Plasmonic Sensing of Heat Transport at Solid-Liquid Interfaces

We report experimental studies of interfacial heat transport for a system of Au nanodisks supported on fused silica substrates, coated by hydrophilic and hydrophobic self-assembled monolayers, and immersed in water-ethanol mixtures and solutions of a nonionic surfactant, hexyl-β-d-glucoside in water. The Au nanodisks are abruptly heated by a sub-picosecond optical pulse; time-resolved changes in the temperature of the Au nanodisk and the liquid near the nanodisk/liquid interface are monitored by measurements of transient changes in optical transmission. The interface thermal conductance G of nanodisks coated with a hydrophilic self-assembled monolayer (SAM) of sodium 3-mercapto-1-propanesulfonate varies over the range 90 < G < 190 MW m^-2 K^-1 as the composition of the liquid mixture is changed from pure ethanol to pure water.

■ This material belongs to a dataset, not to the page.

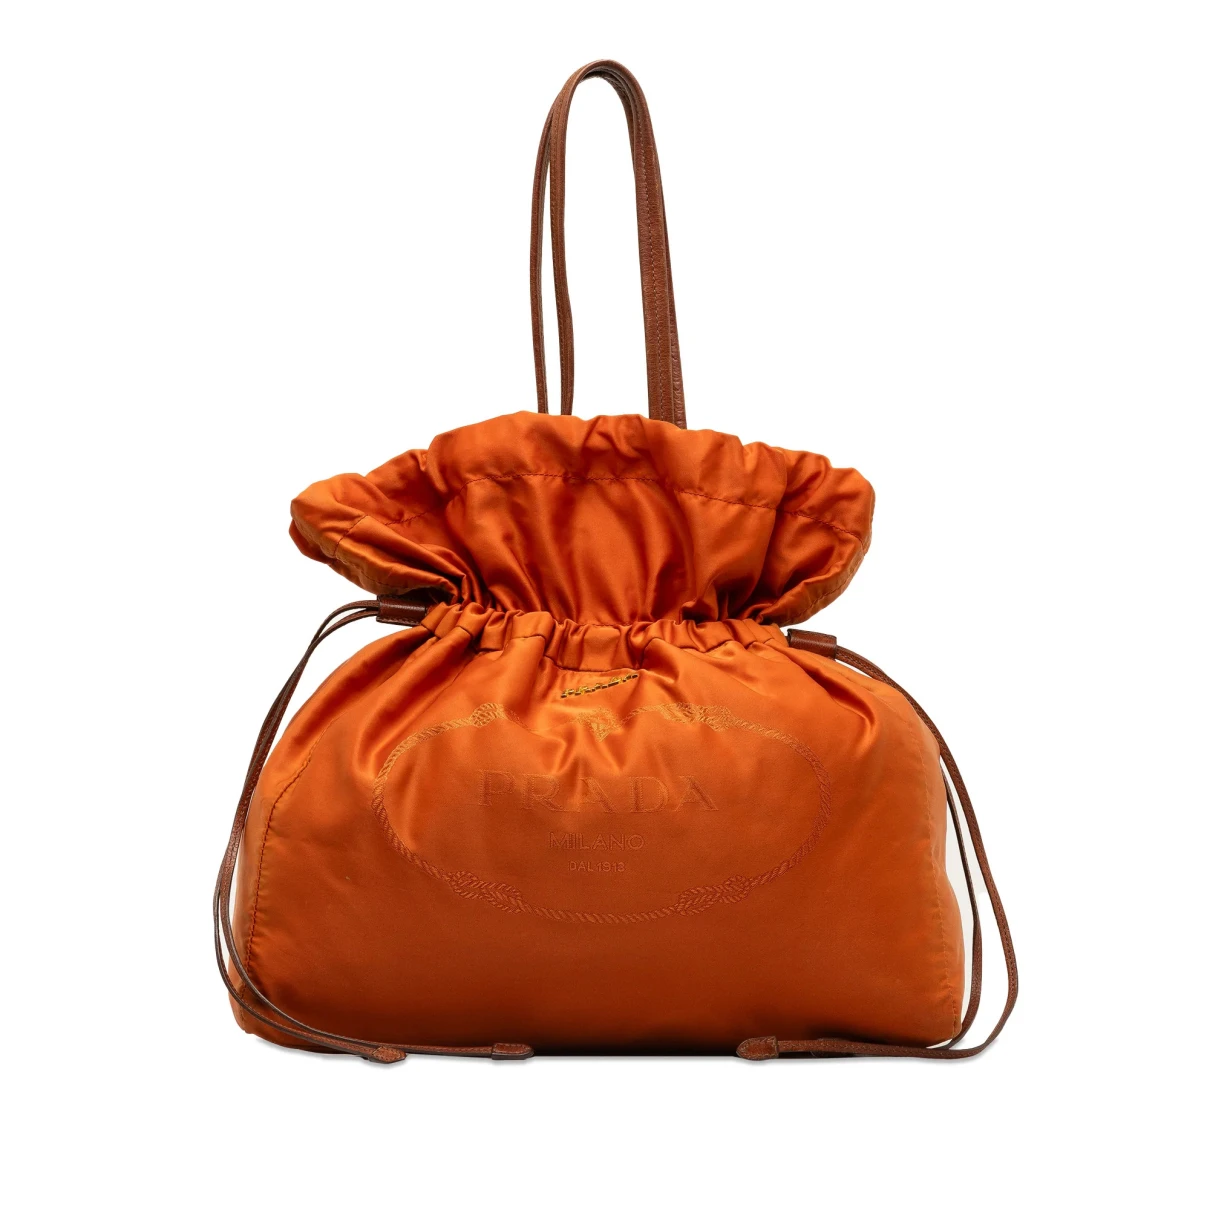 Pre-owned Prada Leather Tote In Orange

With increasing hexyl-β-d-glucoside concentration in water, the interface thermal conductance of hydrophilic nanodisks decreases from 190 MW m^-2 K^-1 to 130 MW m^-2 K^-1 as the concentration is varied between pure water and 100 mM glucoside. For hydrophobic surfaces, G = 70 ± 10 MW m^-2 K^-1. We relate changes in thermal conductance to changes in work of adhesion.